In the present study, unopposed transdermal oestradiol induced a fall in total cholesterol while HDL-cholesterol levels remained unaltered. The effects of oestrogen replacement on serum triglycerides depend on the route of administration. While oral oestrogens induce hepatic synthesis of triglycerides resulting in a rise, transdermal oestradiol leads to a fall in triglyceride levels [8]. Our results are in agreement.
Sequential medroxyprogesterone acetate
The effects of oestradiol on serum lipids may be modified by the type, dose and route of administration of the progestagen used to counteract the oestrogen-induced endometrial hyperplasia [9]. Sequential medroxyprogesterone acetate did not exert a significant adverse influence on serum total cholesterol concentrations in our study.

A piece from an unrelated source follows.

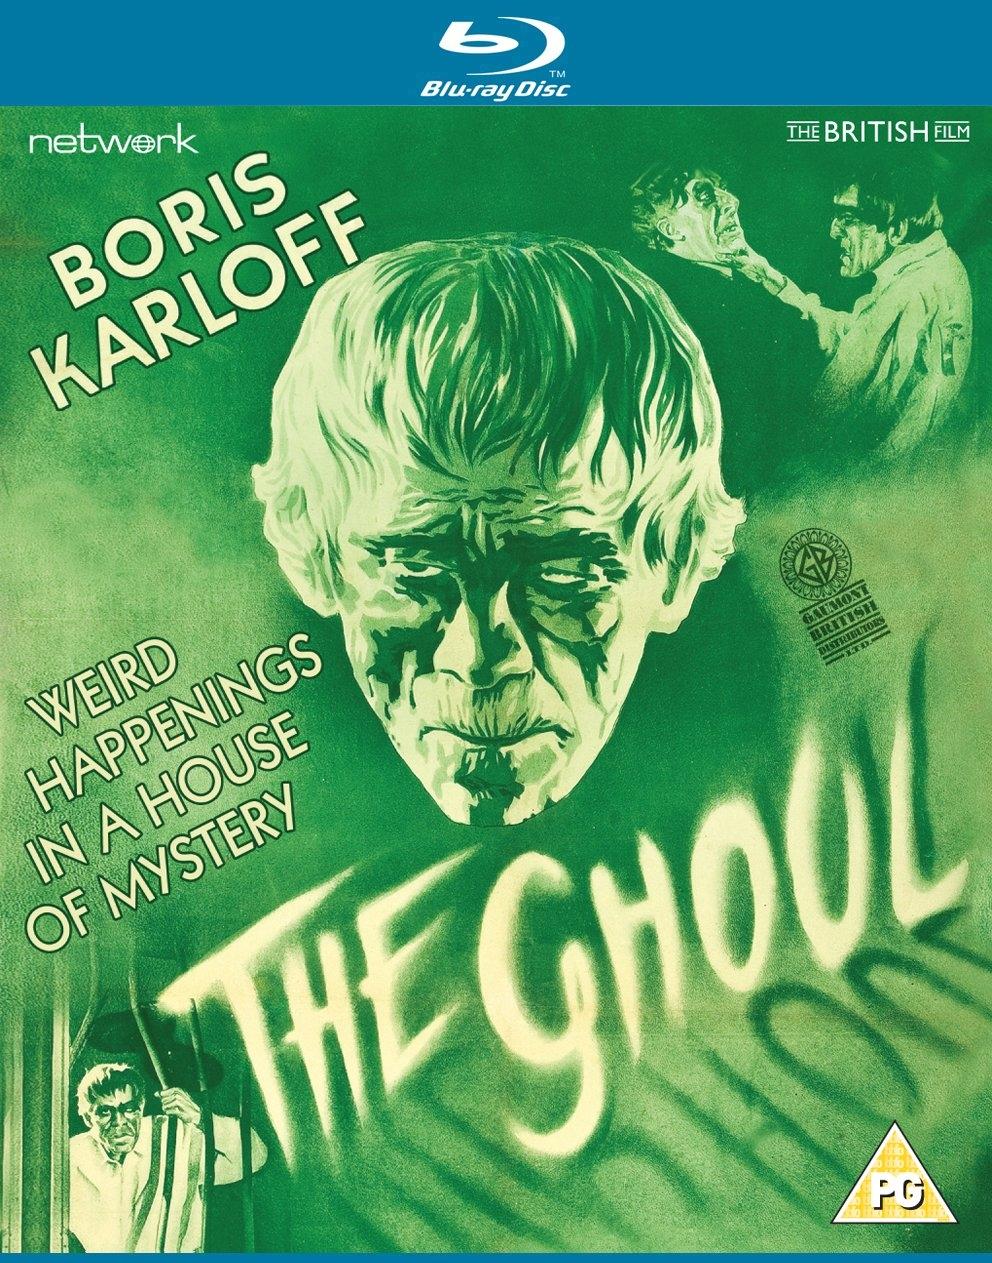 《THE GHOUL》同名电影，由恐怖巨星Boris Karloff主演。

Apart from natural progesterone and dydrogesterone, most progestagens have been reported to oppose the oestrogen-induced rise in HDL-cholesterol [1, 2]. In the present study, sequential medroxyprogesterone acetate had no significant influence on the concentrations of serum HDL-cholesterol. Whitcroft et al. have reported a significant reduction in HDL-cholesterol with continuous transdermal oestradiol (50 μg per day) and transdermal norethisterone acetate (250 μg per day for 14 days per cycle) [8]. In contrast, Erkkola et al. reported a significant increase in HDL-cholesterol after 12 months of transdermal oestradiol (50 μg per day) with a low dose of dydrogesterone (10 mg per day for 12 days per month) [10].
Medroxyprogesterone acetate did not significantly alter LDL-cholesterol concentrations. Recent studies suggest a similar lack of reversal of the potentially desirable small fall in LDL-cholesterol induced by transdermal oestrogen, with the use of sequential dydrogesterone and also with sequential transdermal norethisterone acetate [8, 10]. In agreement with other studies [4, 8], our results suggest that progestagens reduce serum triglyceride concentrations.
In conclusion, transdermal oestradiol appears to induce mildly favourable changes in serum lipids and lipoproteins, and may be of particular benefit for women with hypertriglyceridaemia. Although caution must be exercised when making far-reaching conclusions from small numbers of observations, medroxyprogesterone acetate, in a dose of 10 mg per day for 12 days per month, does not appear to attenuate the cardioprotective effects of transdermal oestradiol.